NSSF is weighing the possibility of paying
interest on pension contributions that will be temporarily held by the
statutory fund from next month.
All employers will from June make full statutory
contributions to the fund then apply to opt out for amounts exceeding
the mandatory minimum of Sh360.
Those wishing to opt out of NSSF –which will
transform from a provident to a pension fund— will have to wait for at
least 60 days before migrating contributions in excess of the Sh360 to
private schemes.
This means that the earliest one can opt out is
August, raising questions whether NSSF will pay interest on the funds
tied up for that period.
“The regulations may or may not address the issue
of interest on the money,” Adan Mohamed, the chairman of NSSF said in
response to questions from stakeholders in Nairobi Wednesday.
He added that Labour Secretary Kazungu Kambi is
set to publish regulations on a wide range of issues concerning the NSSF
Act 2013 that is set to be operationalised from June 1.
Mr Mohamed said that in his personal opinion,
money withheld for two or more months should earn interest while those
taken for a month or less should not.
He argued that for a shorter timeframe, it is unlikely that NSSF will have placed the money in any income-generating investment.
It is expected that NSSF will hold billions of
shillings right from the start, with the contributions rising
significantly from the previous flat rate of Sh200 for both workers and
employers.
Employers with private pension schemes will make
double contributions to their employees’ retirement savings starting
when the Act comes into force.
Previously, contributions were supposed to be ten
per cent of monthly income capped at Sh400, with employers paying half
and employees the rest.
Formal sector workers have been making a flat
statutory contribution of Sh200 to the NSSF per month, but their share
will rise to a minimum of Sh180 and a maximum of Sh1,080 from June.
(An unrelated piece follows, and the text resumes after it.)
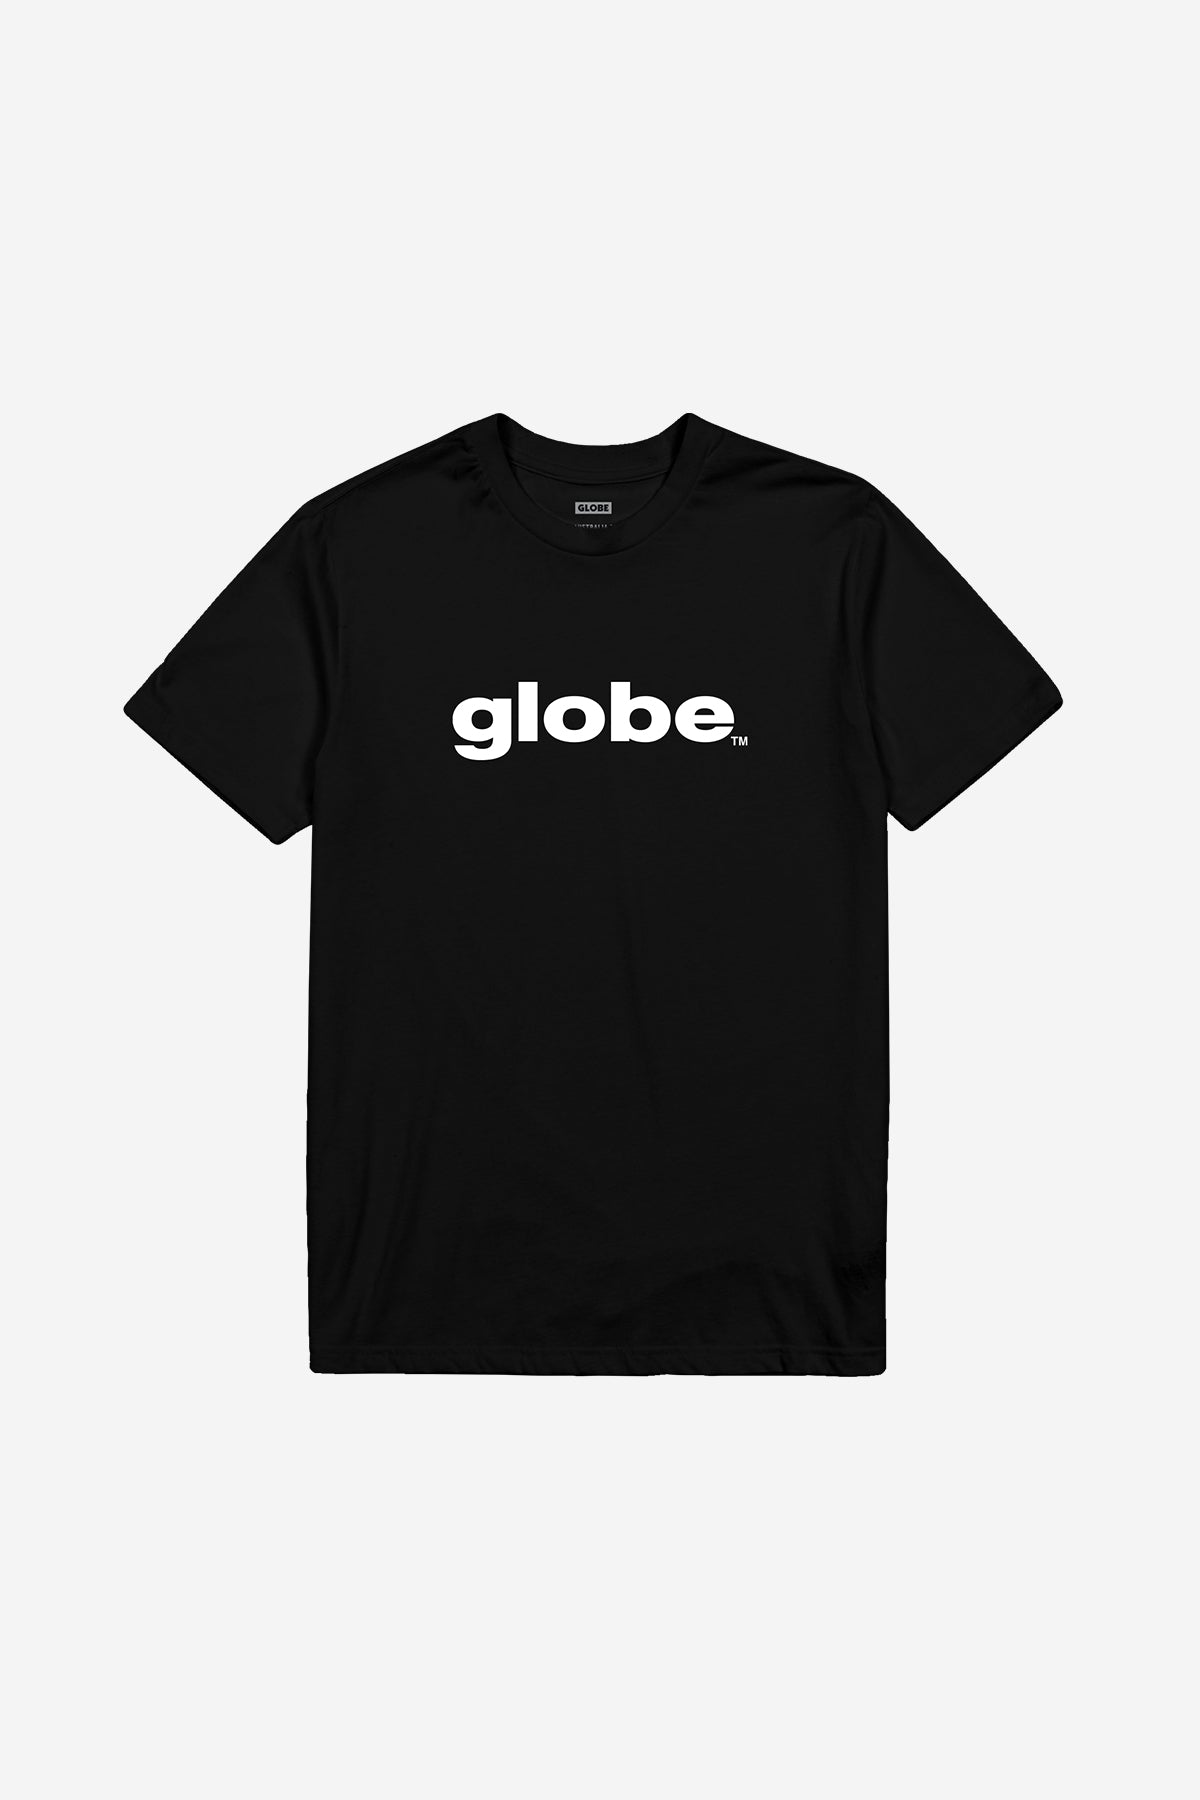 Globe - O.G Tee - Black

This
is based on 12 per cent of pensionable income, with lower limits of
Sh6,000 and an upper limit of Sh18,000.
Up to Sh720 of this (a maximum of Sh360 each from the employer and employee) will be paid into a mandatory Tier I account.
Deductions above this level (a maximum of Sh720
each from the employer and employee) will also be paid to the NSSF and
placed into an optional Tier II account, but may later be transferred to
private schemes upon getting the permission to opt out of the provident
fund.
The NSSF regulations stipulate that it will take at least two months to apply and get the green light to opt out.
Employers intending to opt out of the higher NSSF
contributions must apply to the Retirement Benefits Authority (RBA) at
least 60 days before the date they intend to stop contributing to the
fund.
This effectively means that any employer who gets
the RBA’s permission to opt out of the NSSF scheme could only do so in
August at the earliest.
Applicants must satisfy the RBA that their
privately run pension schemes meet the same criteria as NSSF’s new
pension fund. The RBA reserves the right to accept or reject any opt-out
application.
The new rules and the accompanying higher
contributions will see the NSSF transform from a provident fund to a
pension scheme, offering an expanded range of social safety nets as
opposed to the current lump-sum payouts.
All payments paid before the new fund is created
will continue to be paid out in lump-sums or as annuities: payments from
the new fund to be created in June will only be available as annuities.
The statutory contributions are graduated and will
rise every January of the next four years before they become due for
revision. Contributions are currently set at 12 per cent of a worker’s
pensionable pay based on the minimum wage bands, with workers paying
half the amount and employers the rest.
Starting January 2015, the minimum statutory
contribution will be Sh420 and with a ceiling of Sh1,740. Any amounts
exceeding Sh420 may be kept with private fund managers subject to the
RBA’s permission.
The rates will keep rising until January 2018 when
workers and employers will each contribute a minimum of Sh600 to the
NSSF. The highest mandatory rate at the time will be Sh8,040.